I apologize for not blogging sooner. Between looking for work and the start of my final semester in college, I've been more than busy these last two weeks.
Al Gore may be on to something after all.
From what I've read online about bed bugs, almost every source I've read states that bed bugs are attracted to us by the CO2 a.k.a. Carbon dioxide from our breath. But the London-based Times has examined the great mystery as to, why are the bed bugs suddenly coming back after being near-extinction almost half a century ago. Obviously humans have been exhaling CO2 from our mouths and nostrils for the last 50 years, so what was it that brought these insects back to our world?

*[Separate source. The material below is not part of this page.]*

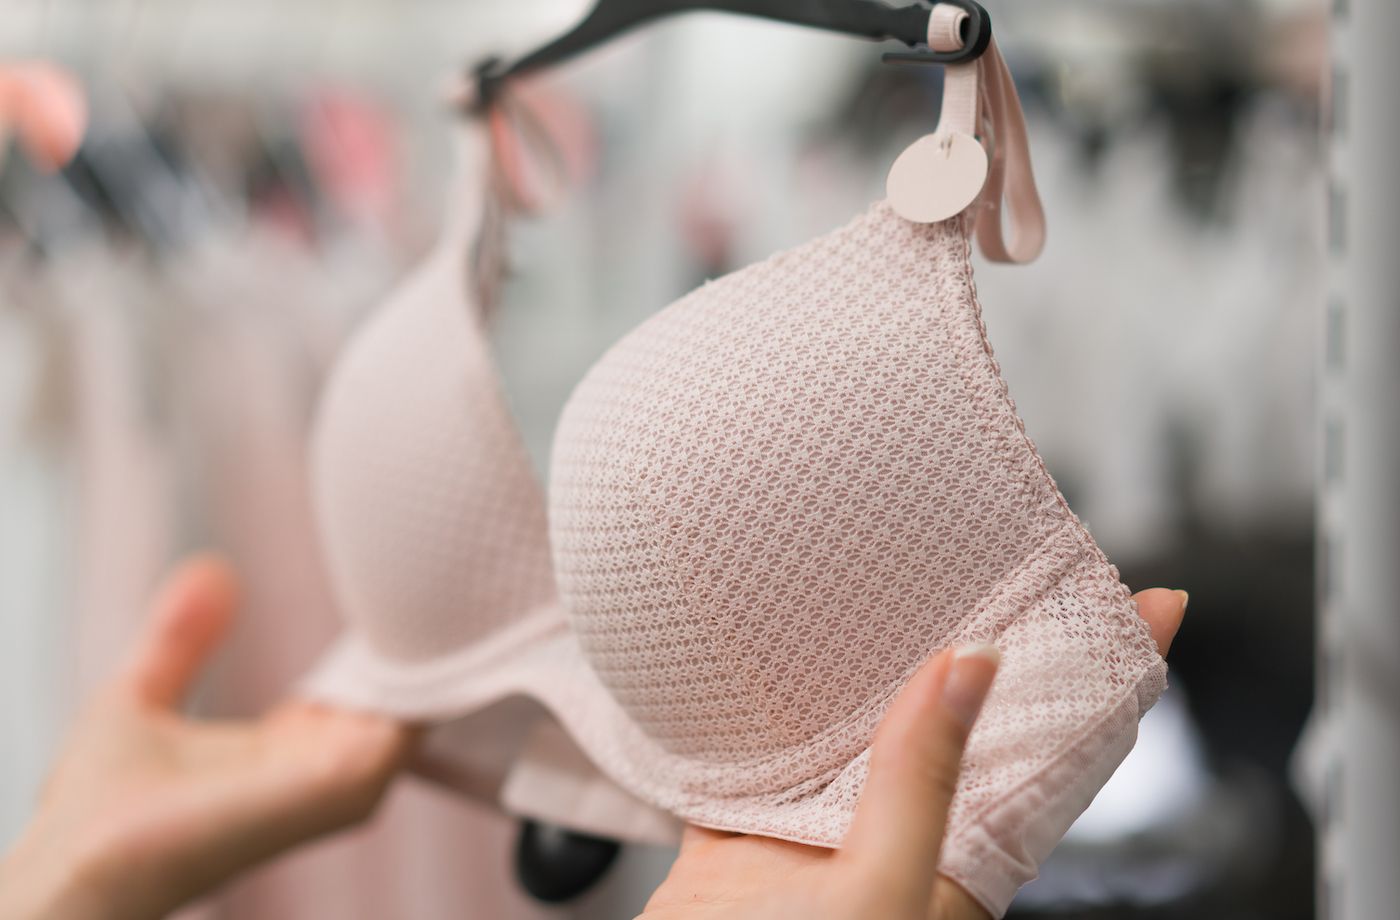 Why Don't They Sew the Bra Pads into the Bras? – HSIA

They are attracted to the very thing that has caused the US, and the rest of the world, so much grief lately: carbon dioxide. While historically it is the carbon dioxide in human breath that has brought them out to feed, experts speculate that rising levels in the air could be behind their renaissance. Every day seems to bring a new tale of infestation - and, in the land that spawned the compensation culture, a new lawsuit.Though it is, for now, only a theory, CO1 or carbon monoxide emissions from vehicles may have been what jump started this bed bug resurgence in the last few years. Perhaps it is just carbon itself which attracts these bugs, whether it's from an exhaust pipe, from a smoke stack or our own lungs. Could the massive amount of CO emissions have been what attracted the few bed bugs remaining on this planet to return from wherever they were hiding to feed once more? Even if this was the case, reducing carbon emissions won't get rid of them.
Hopefully, the same experts who ponder why the bed bugs have returned will focus their time and energy on making sure this world is bed bug-free.